Selforganizaton of the Cytoskeleton
The cell cytoskeleton, or cell skeleton, is composed of filaments (actin, microtubules, intermediate filaments) which not only provide mechanical stability but also dynamic flexibility, allowing the cell to change shape, divide, migrate etc. To do that, they are tightly regulated by the cell, they are able to (dis)assemble when needed, they couple to the cell membrane or various cell’s organelles and, importantly, to a huge set of other proteins, including cytoskeletal motors (myosin, kinesin, dynein) that are able to exert mechanical forces on them. All these elements together show impressive self-assembly properties and are able to organize in complex structures, from the cytokinetic ring to the mitotic spinde, in order to perform their functions.

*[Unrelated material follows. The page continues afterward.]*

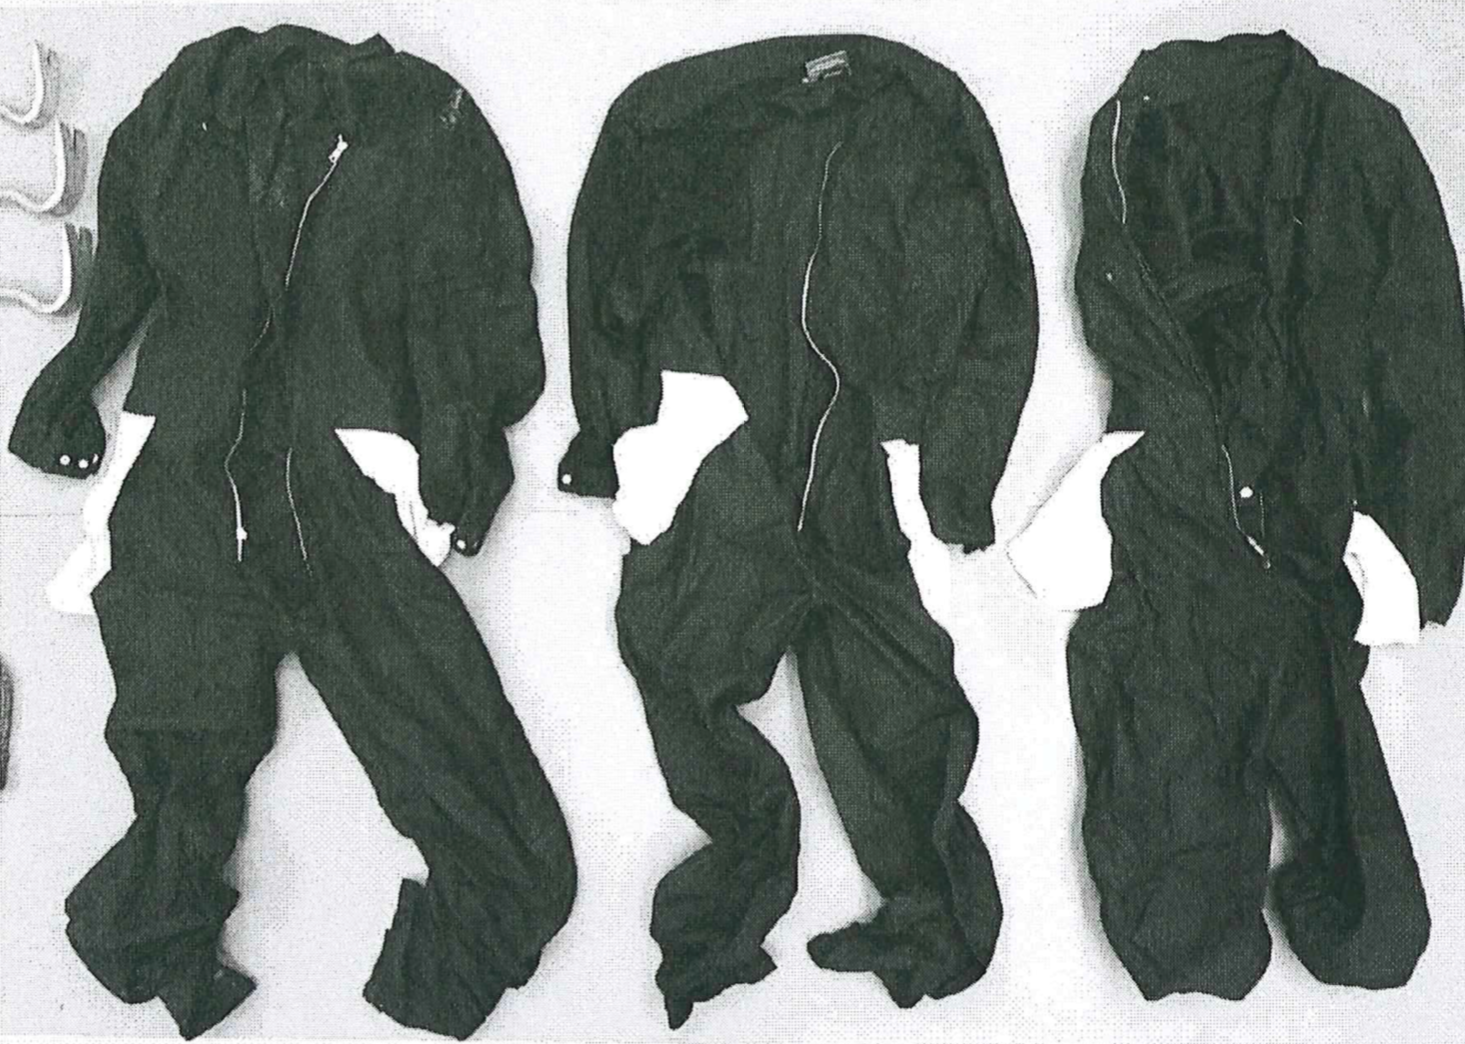 Gärningsmännens overaller hittades och beslagtogs efter rånet.
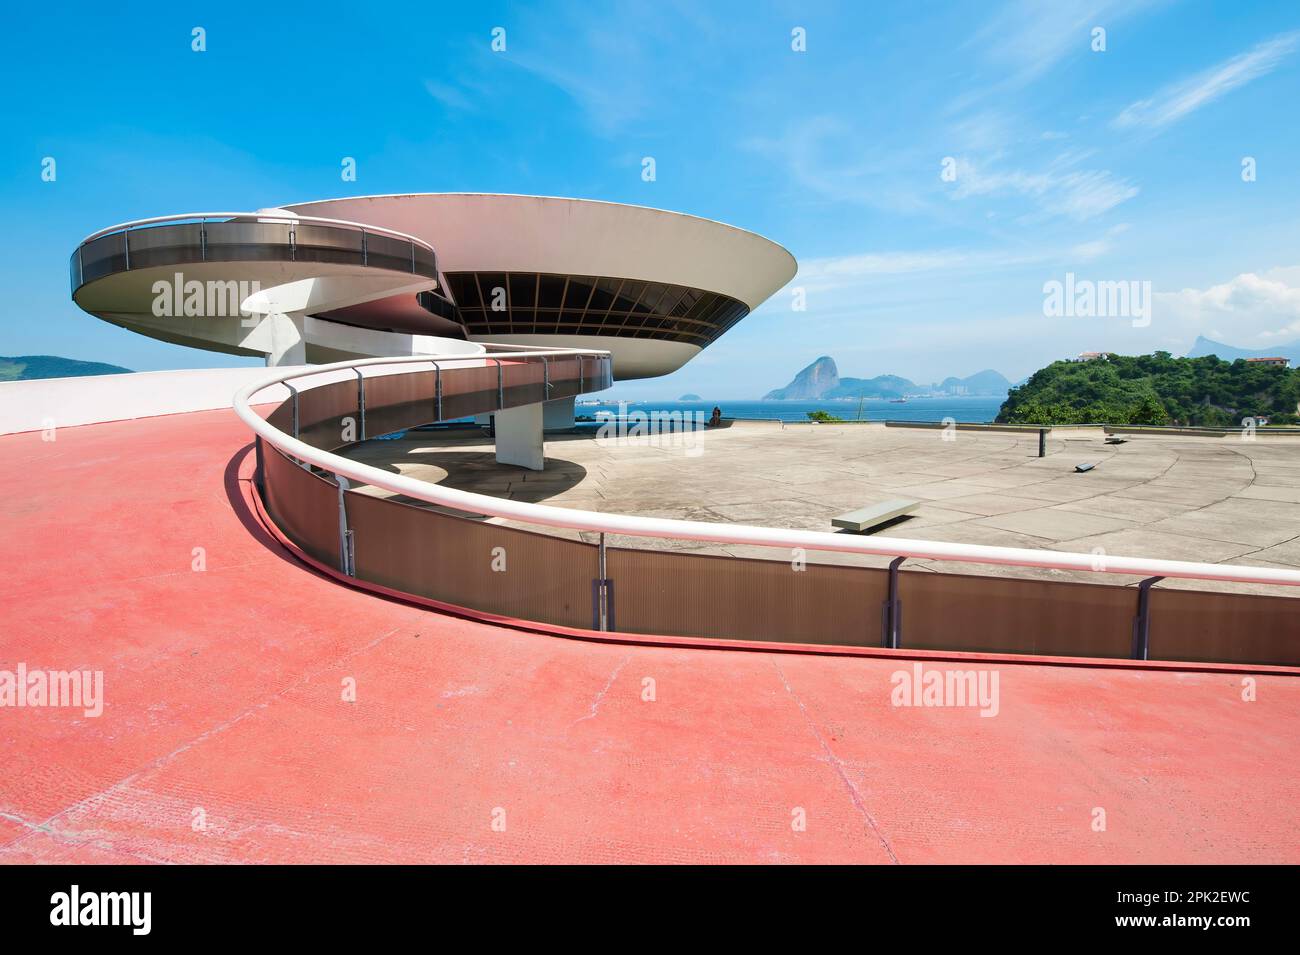 Niemeyer Musée des Arts Contemporains, Niteroi, Rio de Janeiro, Brésil Banque D'Images

We study the active self assembly of filaments and membranes by merging together in vitro membrane model systems (such as giant vesicles or supported membranes) and cytoskeletal proteins (especially filaments and motors). By using microscopy techniques such as confocal and TIRF we can observe, control and study in laboratory conditions the formation of complex patterns, from the assembly of filaments into clusters up to their ability to move coherently as a fluid and deform lipid membranes. This way, we are able to explore the mechanisms underlying filaments’ dynamics, collective motion or how these processes are affected by different environments, such as being immersed in complex elastic materials or confined inside vesicles.
This research can shed light on general principles about how cells tune the out-of-equilibrium assembly of the cytoskeleton, in order to perform a varied and vast number of different tasks.